Bridges and Distillation Columns

Distillation columns are very common in chemical engineering. Bridges are very common in civil engineering.

In chemical engineering, the design of distillation columns have to a very substantial degree been incorporated in software platforms. While students need to understand the key assumptions undergirding the calculations in these software platforms, it has become no longer necessary to do hand calculations. The opportunity for novel research in distillation is low, except as novel materials may require considerations above and beyond those embodied in software platforms.

In civil engineering, design of bridges (except for the very small number of high performance or “signature” bridges) has become routinized with embodiment in codes and standards, and by the use of structural analysis platforms. While students need to understand the key assumptions undergirding the calculations is these codes, standards and software platforms, it has become no longer necessary to do hand calculations.
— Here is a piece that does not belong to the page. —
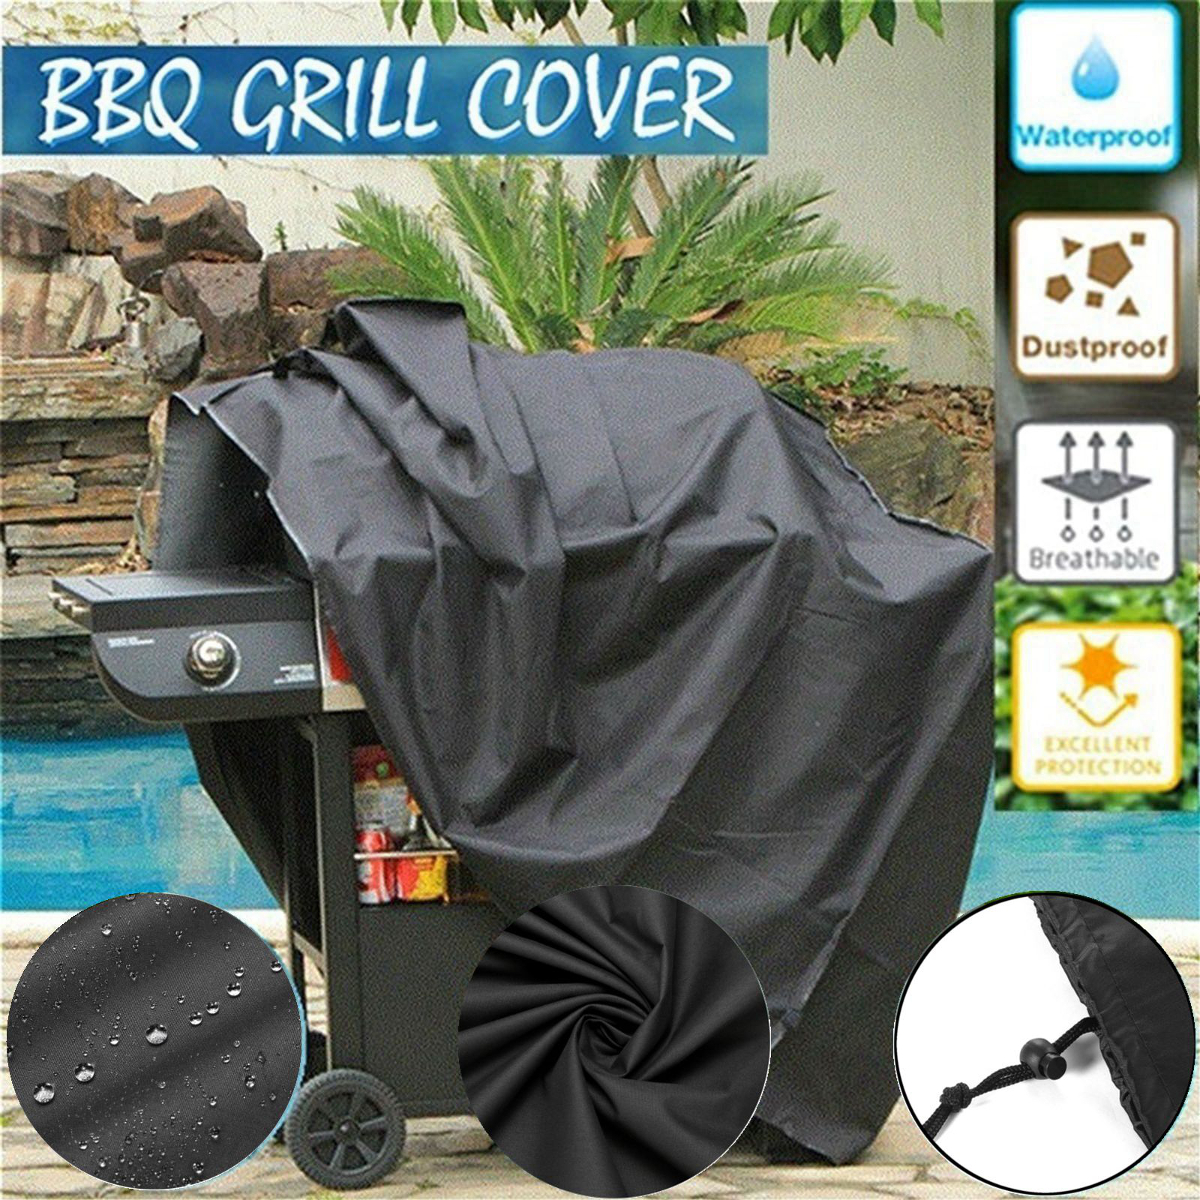 Waterproof-Black-Barbecue-Cover-Anti-Dust-Rain-Cover-Garden-Yard-Grill-Cover-Protector-For-Outdoor-B-1742519-1

The opportunity for novel research in bridge design is low, except as novel materials and highly unique situations may require considerations above and beyond those embodied in codes, standards and software platforms.

With increasing automation of engineering design, it becomes essential that students be educated for the non-routine problems that will go beyond the capability of extant software, codes and standards. While they must know about the codes, standards and software, this should not be the strong focus of their education. More and more the design and maintenance of the routine, while important (perhaps more so in civil engineering where systems must last a long time) will become the purview of technicians and automation. The role of engineers in these circumstances will be to be alert to, characterize, and modify activity for the unusual.

PS – as an environmental engineer specializing in water, I would say much the same thing for activated sludge, rapid sand water filtration or primary sedimentation. Though there is important work in optimization and in the automated design of resilient systems yet to be done in these contexts.